I have seen lots of good results on TL based terrain generation. Those were 2D hightmaps as well.
I'm pretty convinced ML will help content creation, but so far i have not seen much practical tools yet, and doing it on client to help the storage problem sounds very distant. Unpredictable results due to HW dependent floating point results alone already sounds a though problem.
 
You can later calculate what the player can see and start culling the stored data automatically from that. I think they discussed this very early on? Not sure.
The SDF could help to accelerate this process.
But at least one instance of every model will always stay, so it can help only performance, but not storage.
 
Nanite is definitely not predicated on kitbashing. The fine grained culling provided by the visibility buffer approach lets kitbashing be relatively performant, but it's absolutely the worst case for nanite performance. All of the rest of the properties of nanite (extremely effective mesh compression, no gpu performance cost growth with polycount or number of unique items, low cost for streaming in geometry) make it the most conducive approach to asset variety in the industry right now.
This is a great point to emphasize. While the megascans kitbashing stuff is a neat way to flex, Nanite really is a just generally a better way to static meshes of any polygon densities. This is particularly true for stuff like Virtual Shadow Maps and Lumen where having even low poly meshes be Nanite increases performance by 5x or more in most cases. The key point is that Nanite can do things like render the whole world at low resolution and/or many different views at once much more efficiently than the conventional graphics pipeline.
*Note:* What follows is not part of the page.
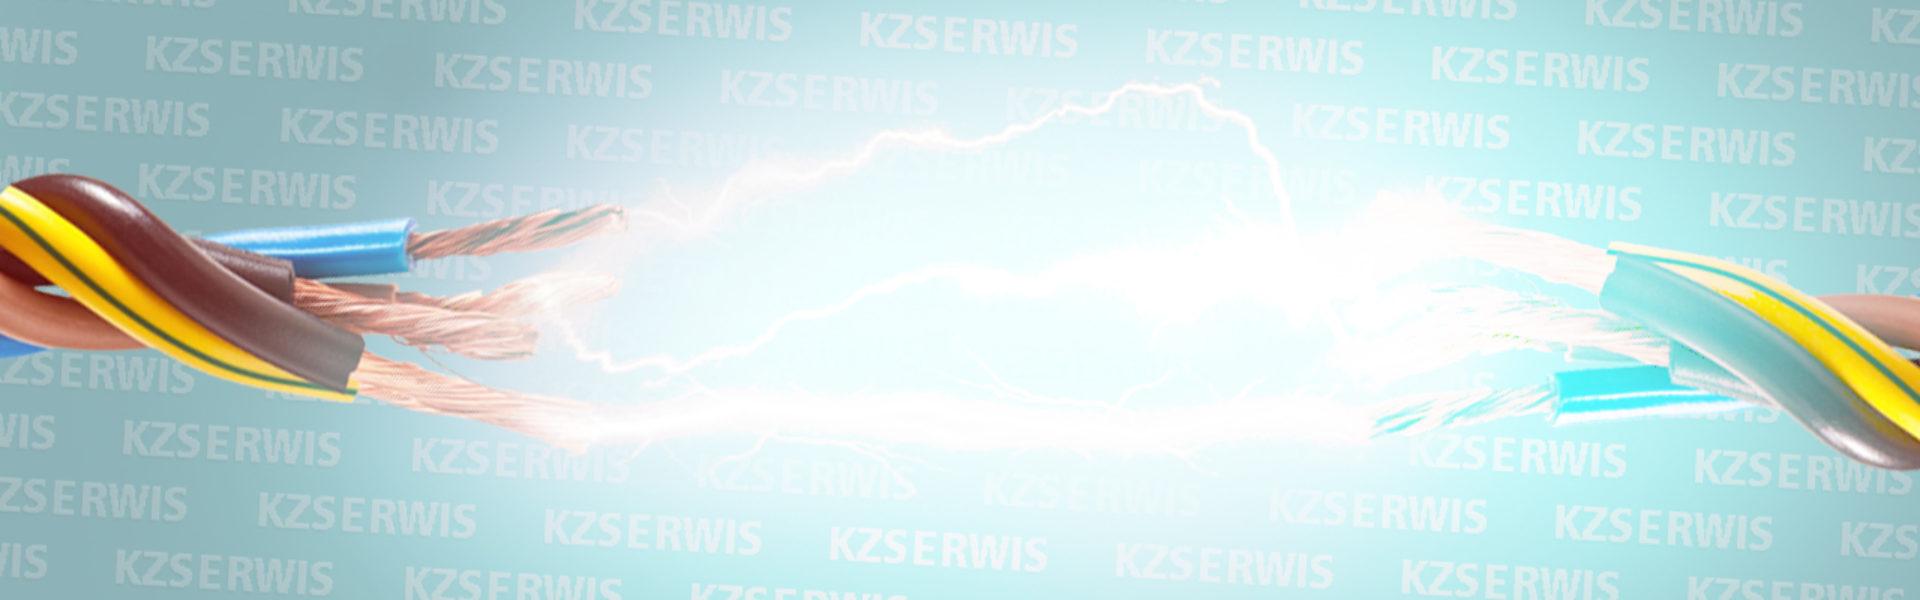 KZSERWIS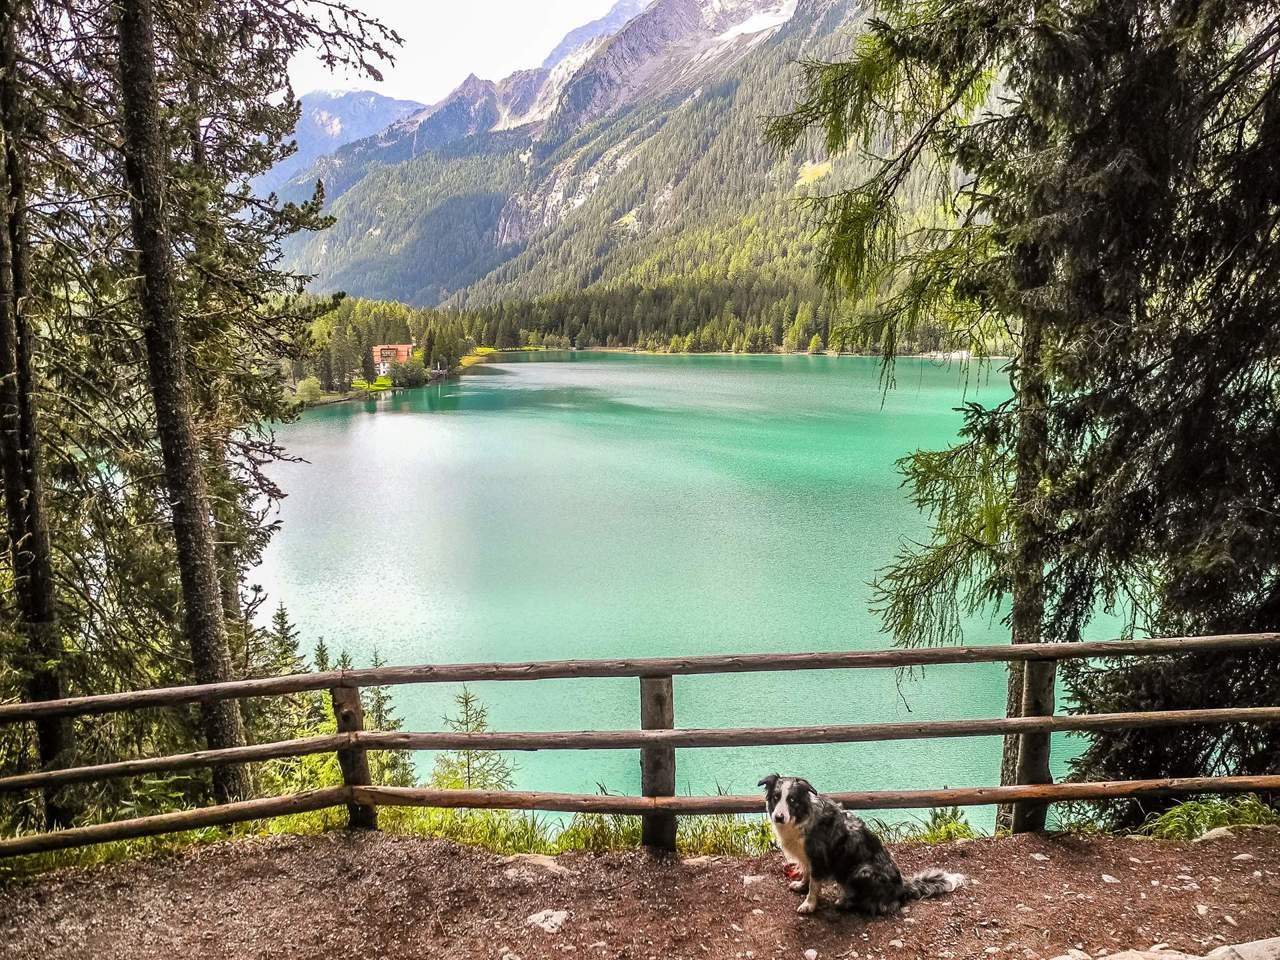 Urlaub mit hund in s dtirol wandern mit hund Ferien am see

With non-nanite static meshes you can fairly easily get into bad cases with virtual shadow maps for instance where you are effectively asking it to scatter parts of the mesh across 20+ different views of various resolutions. There's just no efficient way to do this without at the very least breaking the mesh up into clusters, similar to what Nanite does.

Thus I will reiterate: Nanite need not be synonymous with super highly detailed geometry. It enables that where it will benefit a project, but it provides a lot in all cases.
 
Thus I will reiterate: Nanite need not be synonymous with super highly detailed geometry. It enables that where it will benefit a project, but it provides a lot in all cases.
Personally i think it only has upsides, no downsides. I expect (and hope) everybody will adopt a similar system to their engines within next few years.
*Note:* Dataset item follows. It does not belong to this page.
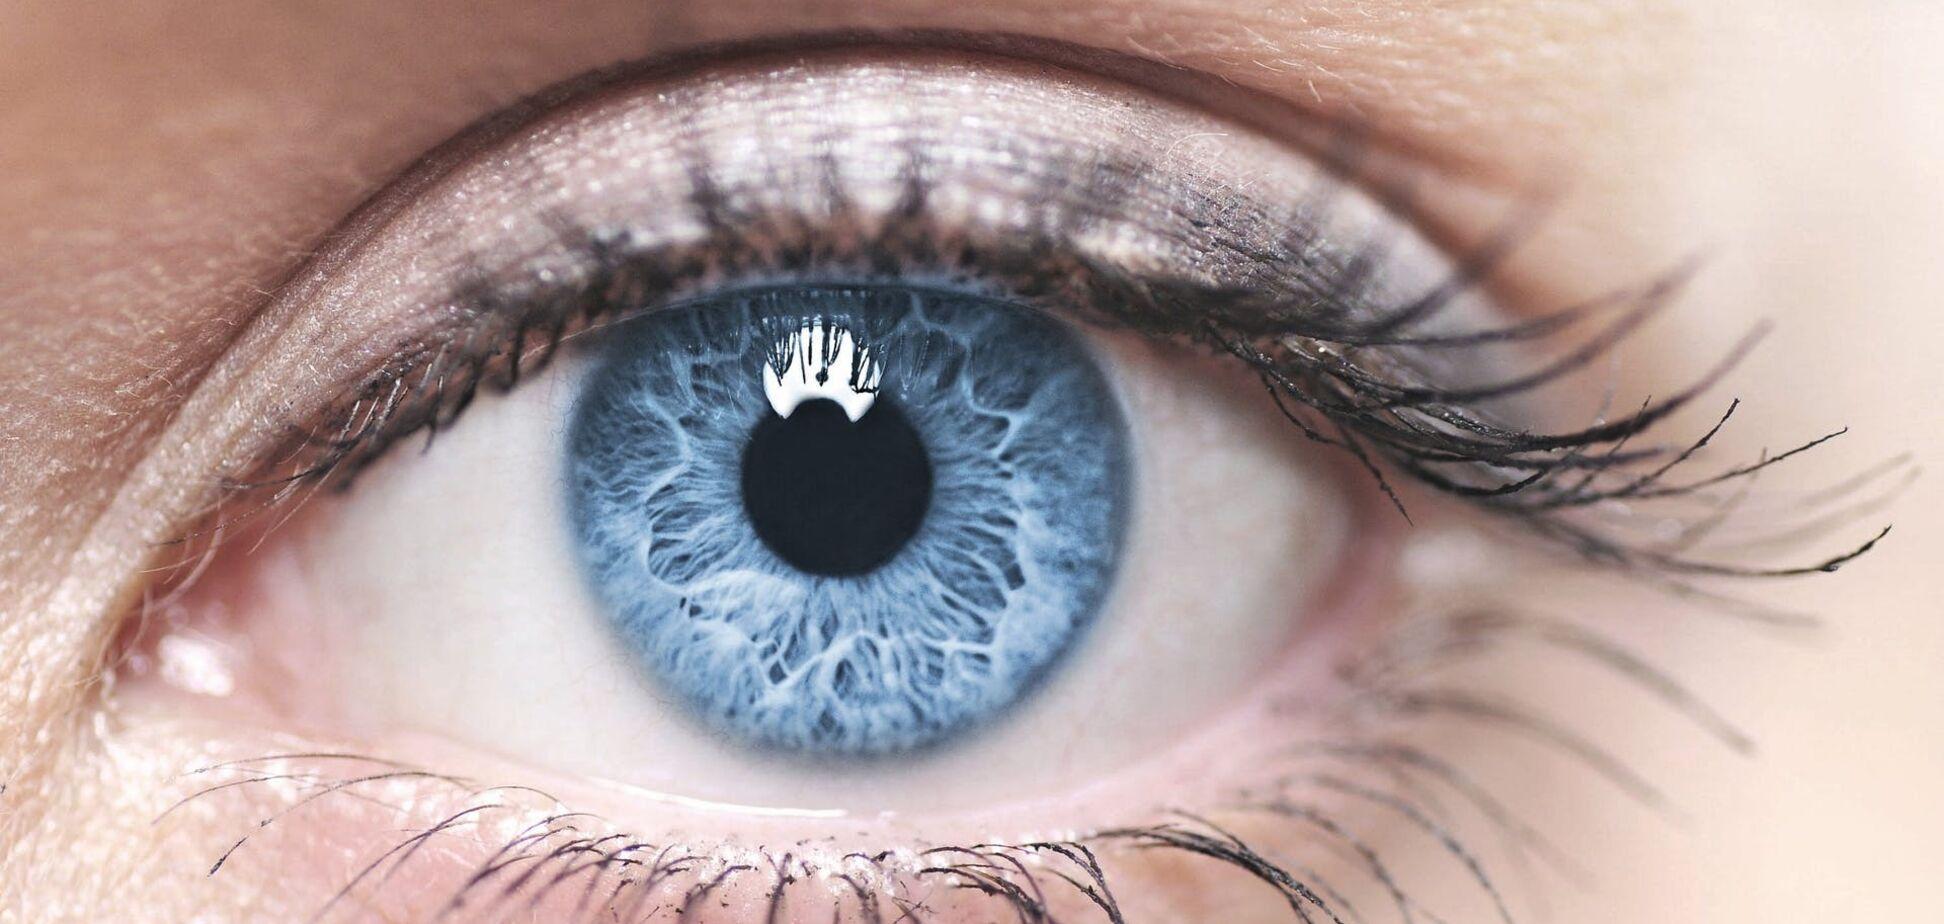 Ученые связали цвет глаз и предрасположенность к болезням

Karis is the new Carmack, whooo!!! :D
 
Benchmarks on the throughput of zlib and kraken using software decompression directly contradict this statement.
Here are good comparisons made by Charles Bloom, who is a dev for RAD Games (recently acquired by Epic, so expect all of these to be part of UE5's middleware):

https://cbloomrants.blogspot.com/2020/07/performance-of-various-compressors-on.html

CPU decoding of zlib tops out at ~800MB/s and Kraken at ~1.8GB/s.

That's all single core. It's not impossible on modern CPU's, it just eats up an impractical number of cores on CPU's with core counts of 8 or less. Here are some quotes:

"Game developers are also using Oodle Texture and Oodle Kraken for PC games; most multi-platform devs will be using the same Oodle Texture encoding of their textures for all platforms, it's not platform-specific. On the PC you don't have hardware Kraken, so software Kraken is used on the CPU. To keep up with the fastest SSD speeds this requires several cores; luckily high end PC's also have lots of CPU cores!"

"In theory PC SSD's will keep getting faster, but you would need several CPU cores running software Kraken to match the decompressed bandwidth of the PS5 hardware Kraken."

The Series X decompressor has a ~7GB/s maximum output with BCPack and the PS5's can go all the way up to 22GB/s, but with Kraken + Oodle Texture it supposedly averages over 15GB/s.

11GB/s. The 3.16:1 example given was just a single (presumably optimal) texture set from a single game.

"The result is that we expect the average compression ratio of games to be much better in the future, closer to 2 to 1"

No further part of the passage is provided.